§ **Dataset content**:
= = =

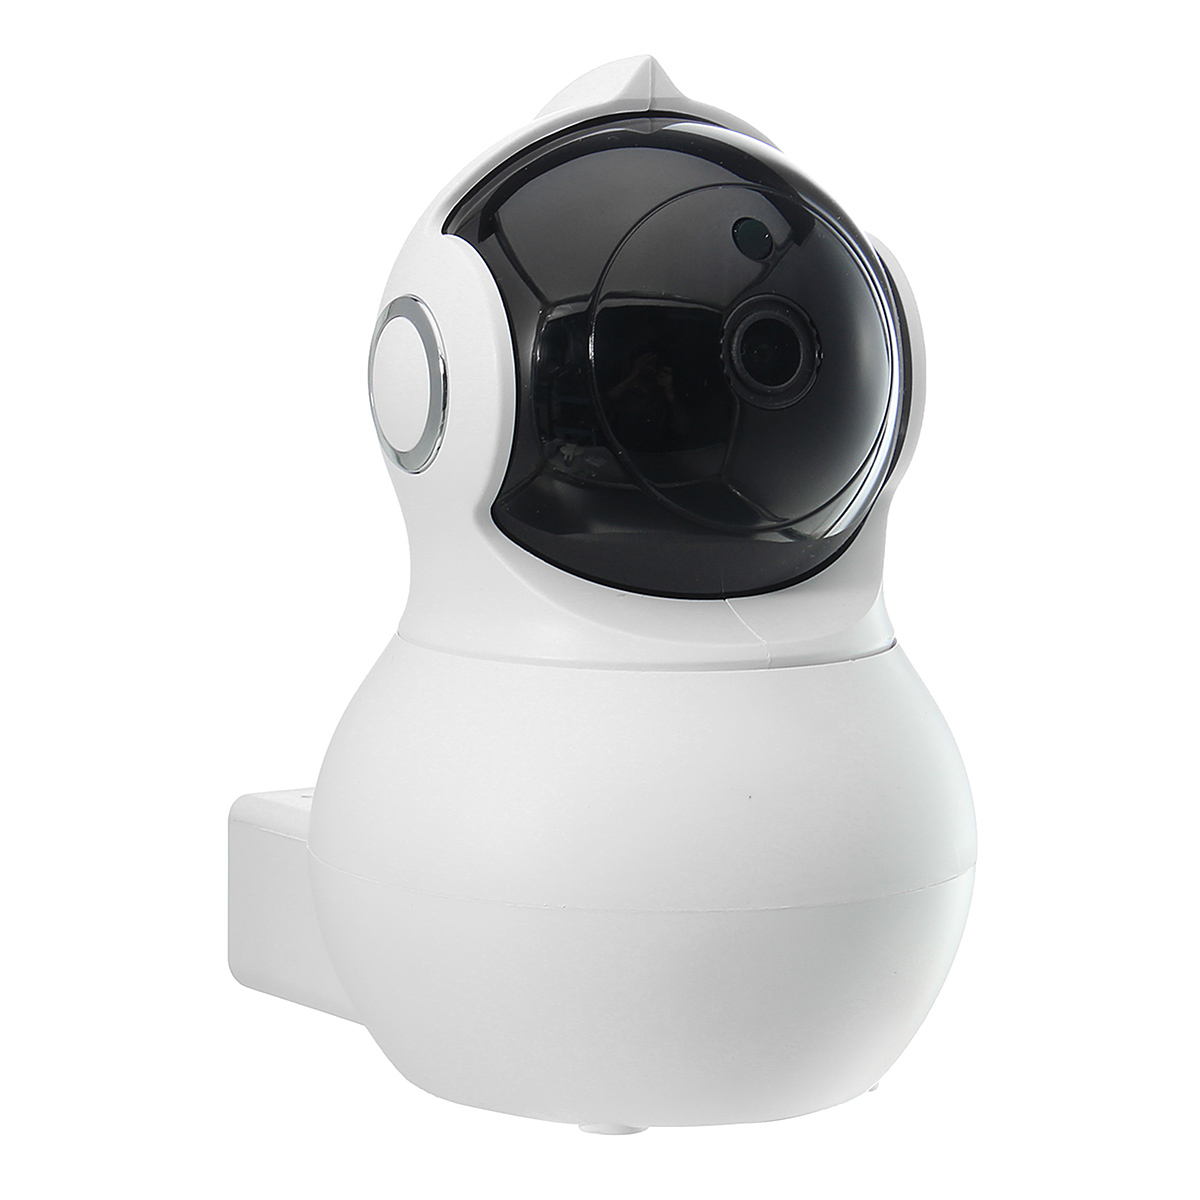 Q8 Home Security 1080P HD IP Camrea Wireless Smart WI-FI Audio CCTV Camera Webcam 22
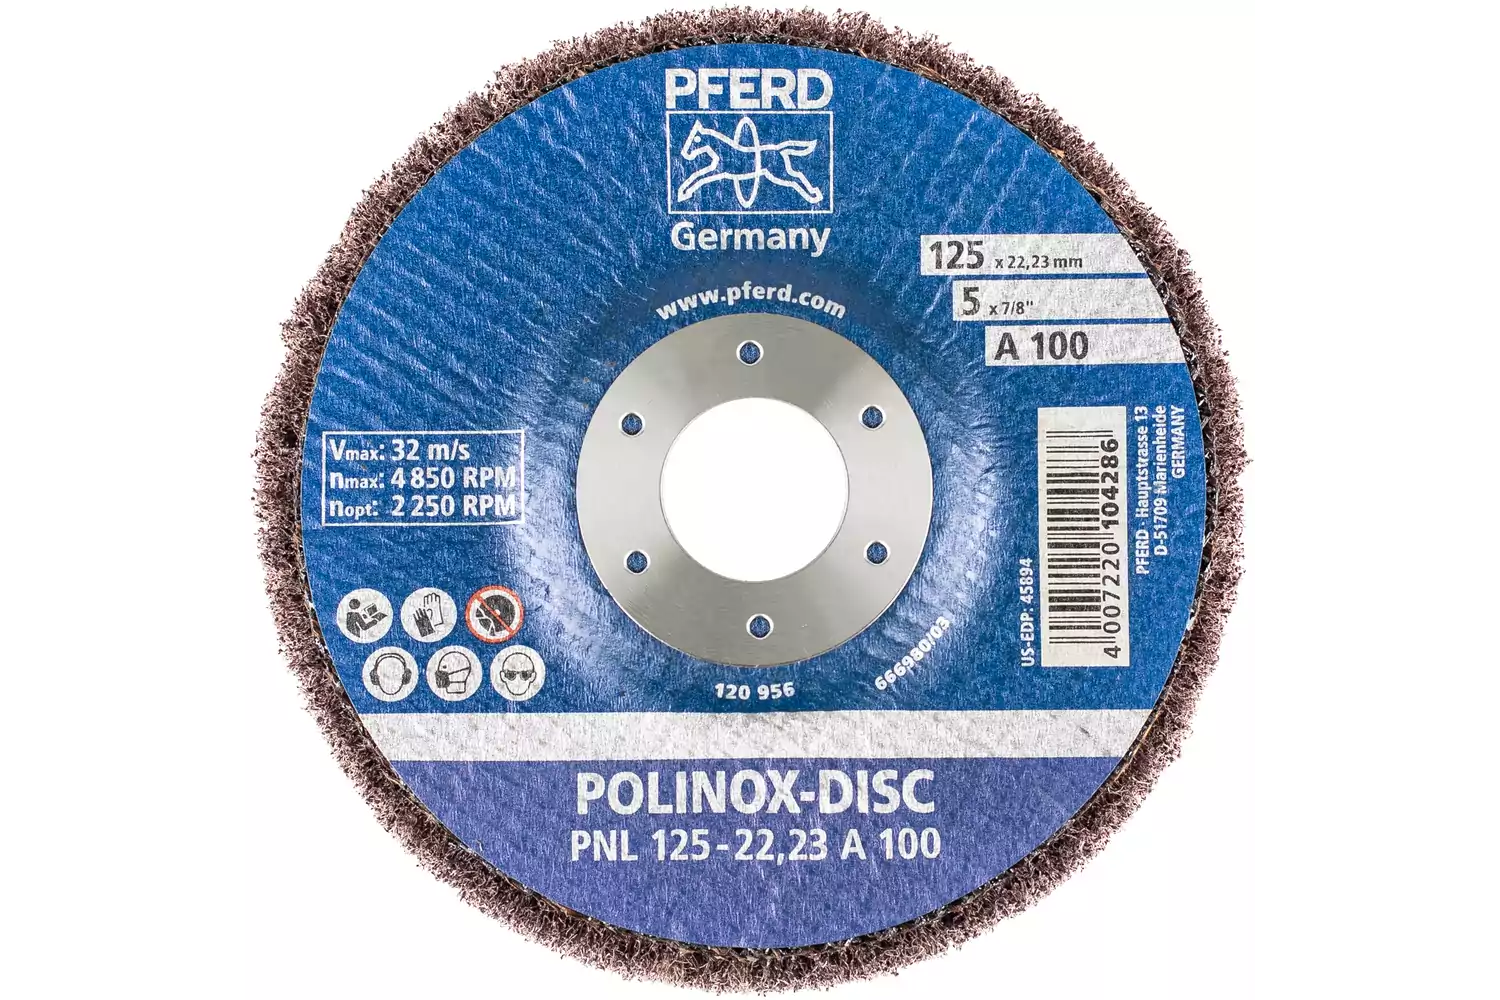 POLINOX vliesslijpschijf PNL Ø 125 mm asgat-Ø 22,23 mm A100 voor fijnslijpen & finish 3
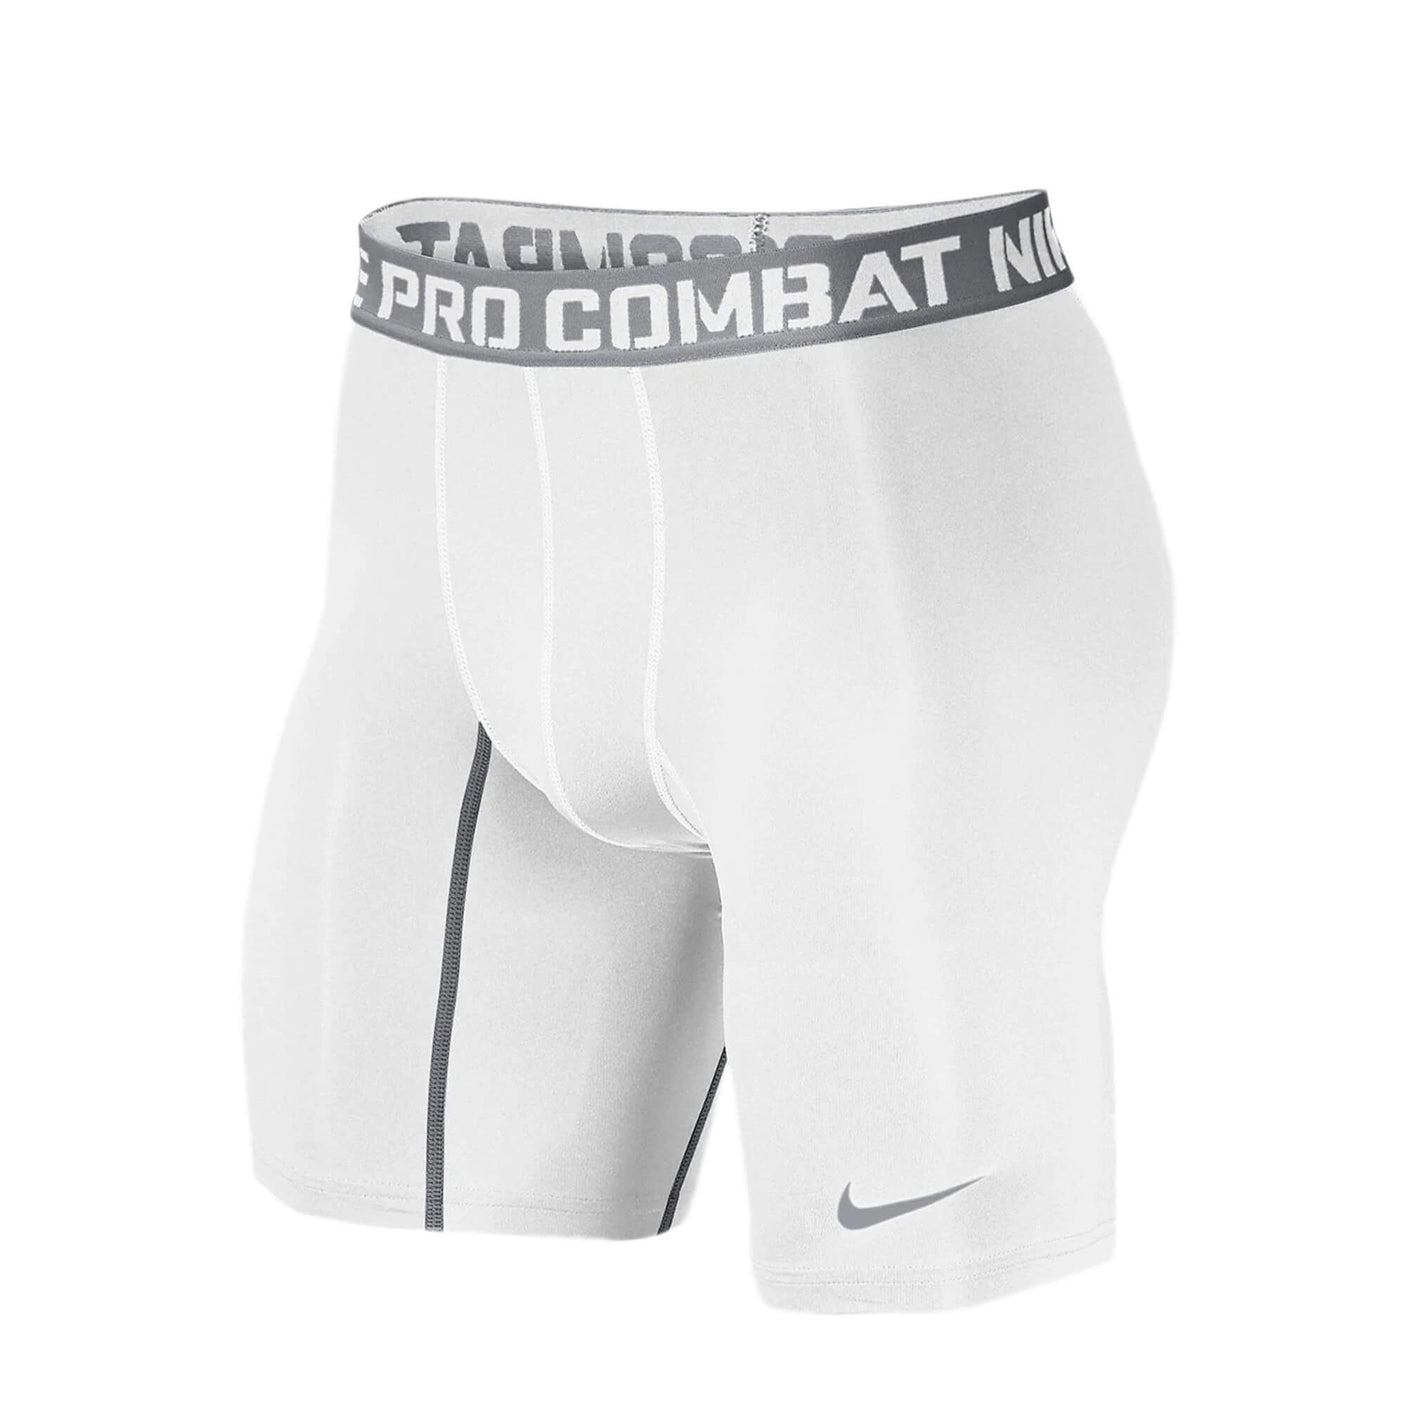 Nike Men's Pro Combat Tights Shorts White/Grey front

= = =

§ **Problem to work on**:
Print the listing verbatim, images excluded.

§ **Result of this exercise**:
 Q8 Home Security 1080P HD IP Camrea Wireless Smart WI-FI Audio CCTV Camera Webcam 22
 POLINOX vliesslijpschijf PNL Ø 125 mm asgat-Ø 22,23 mm A100 voor fijnslijpen & finish 3
 Nike Men's Pro Combat Tights Shorts White/Grey front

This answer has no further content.